I know it's a bit of a cliche, some might protest a furphy.... but the left generally love the debt, and the right like the balanced books, through ruthless cost cuttings etc...

all through the near zero interest rates period the left had their time... and then when abbott came out with his 'debt and deficit crisis' he got little traction, and ruthlessly ridiculed basically...

with the argument being '...now's the time to borrow, with interests rates so low...'

sounds reasonable... until it's not... until you see a less than six months dramatic turnaround in interest rates, like we have...

now chalmers is rattling on about '...the massive debt we inherited' ...and its one of his main priorties / obsessions...
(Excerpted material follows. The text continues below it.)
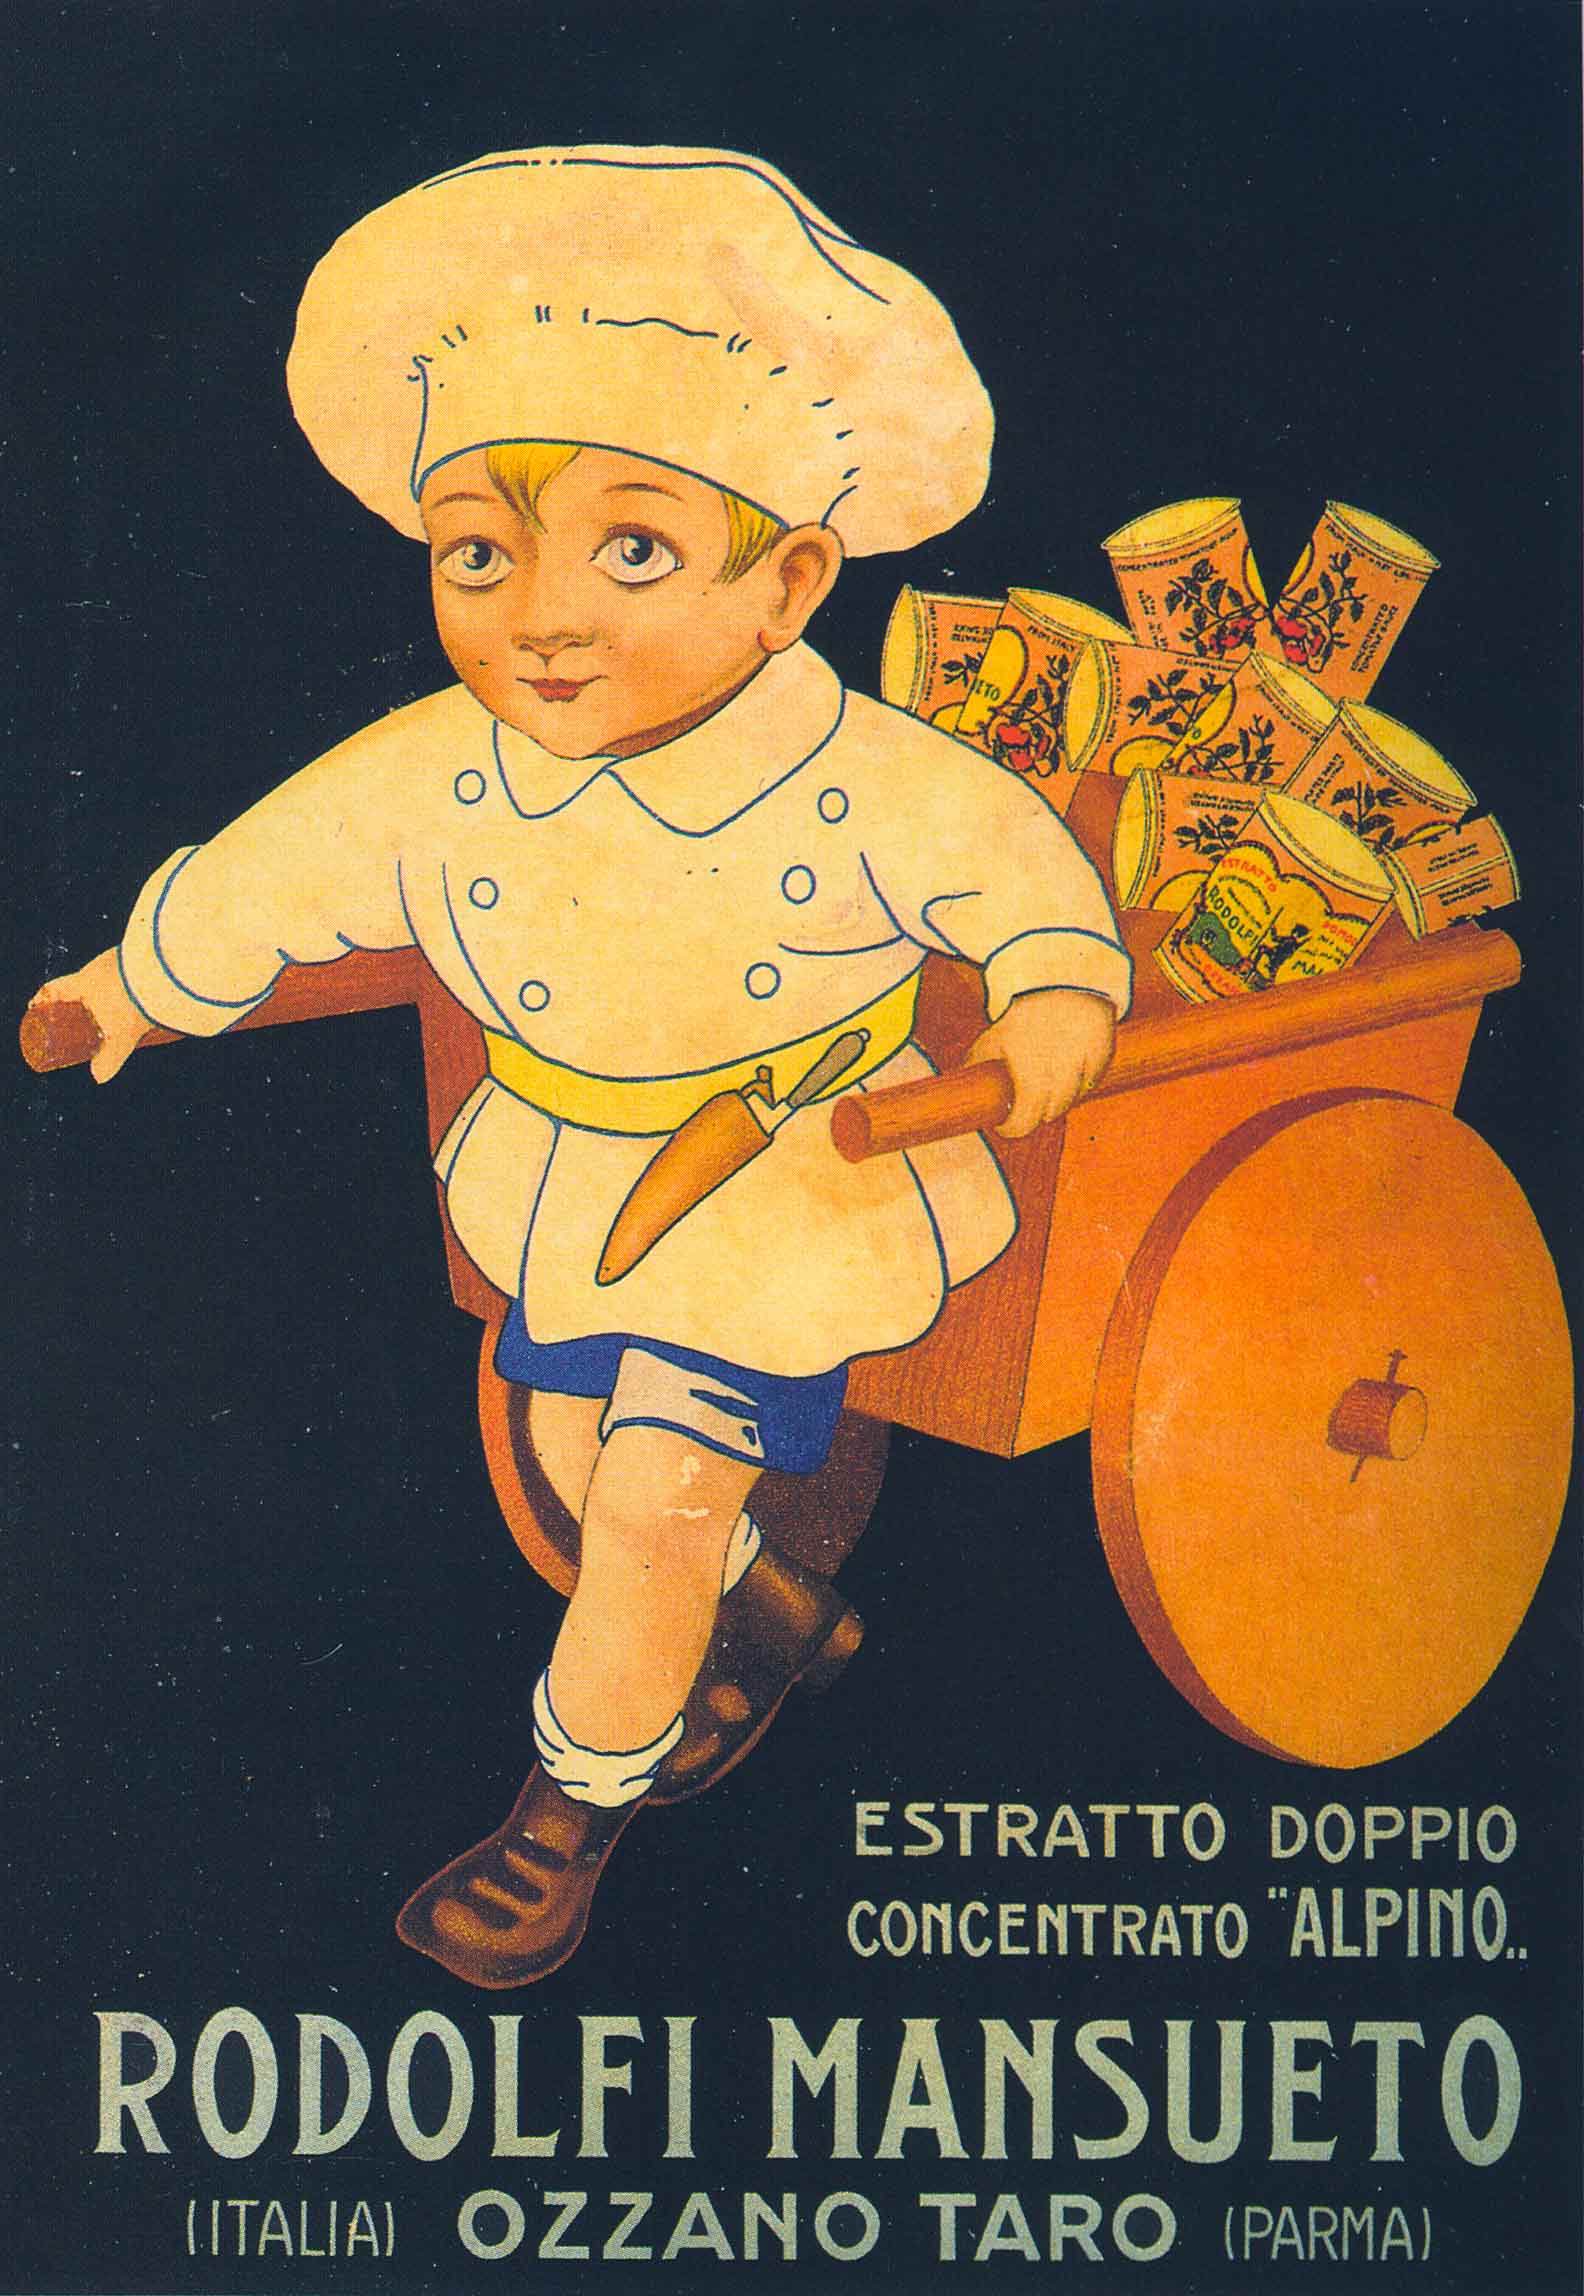 Locandina pubblicitaria per il doppio concentrato di pomodoro marca “Alpino” degli anni Venti del Novecento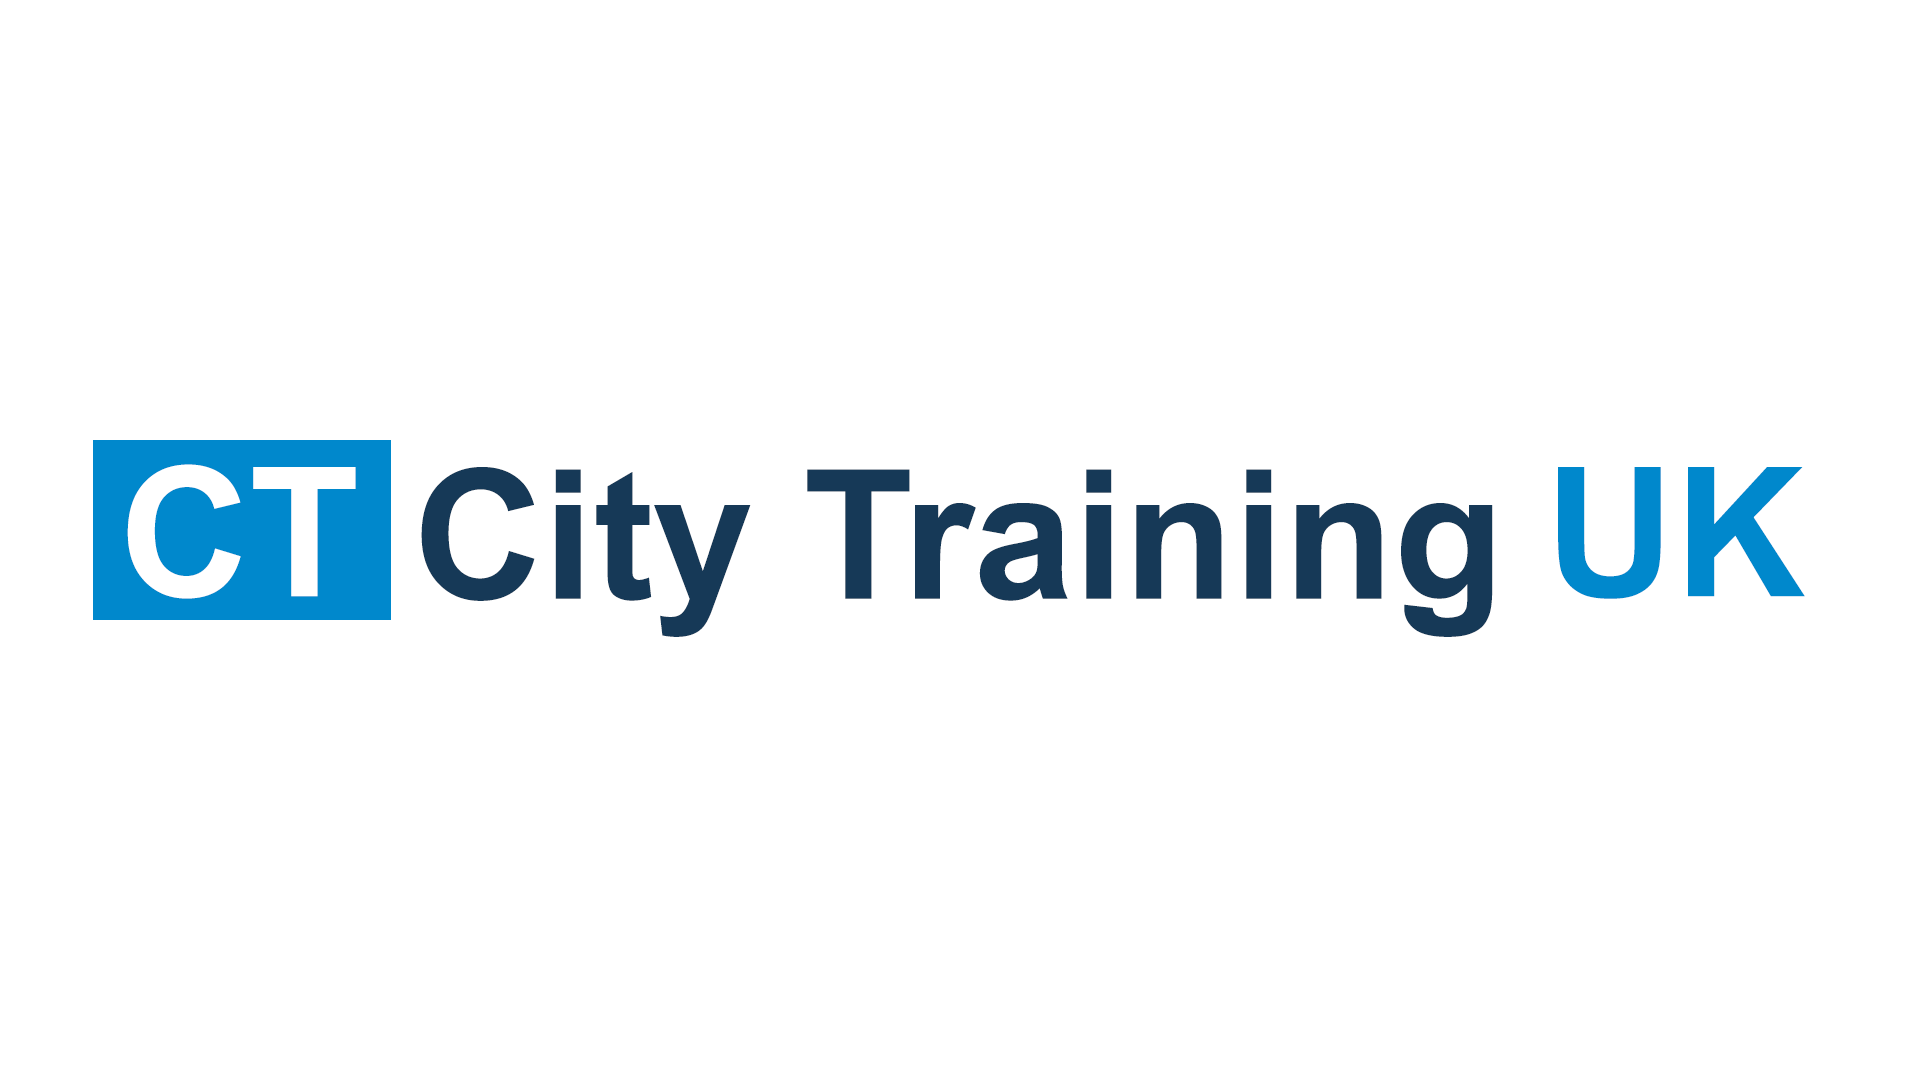 City Training UK

probably rightly so, I read yesterday just the interest is now in our top five expenses, up there with medicare, ndis and social security...

hardly insignificant

all just shameless political point scoring and sort sightedness... from both sides...

and dumb, oh so dumb...

thanks Syp.

It's exactly what I thought - he seemed to be advocating MMT in the article.

Here's the breakdown of expenditures from the last budget.

Interest pmts were $28b out of $589b in total expenditures.

If govt debt was 100% of GDP (about $1,600b) at 6% interest, the interest expense would be $96b (2nd largest component of expenditures).

That would be placing a large debt burden on the nation, and put us up there with the basket case economies.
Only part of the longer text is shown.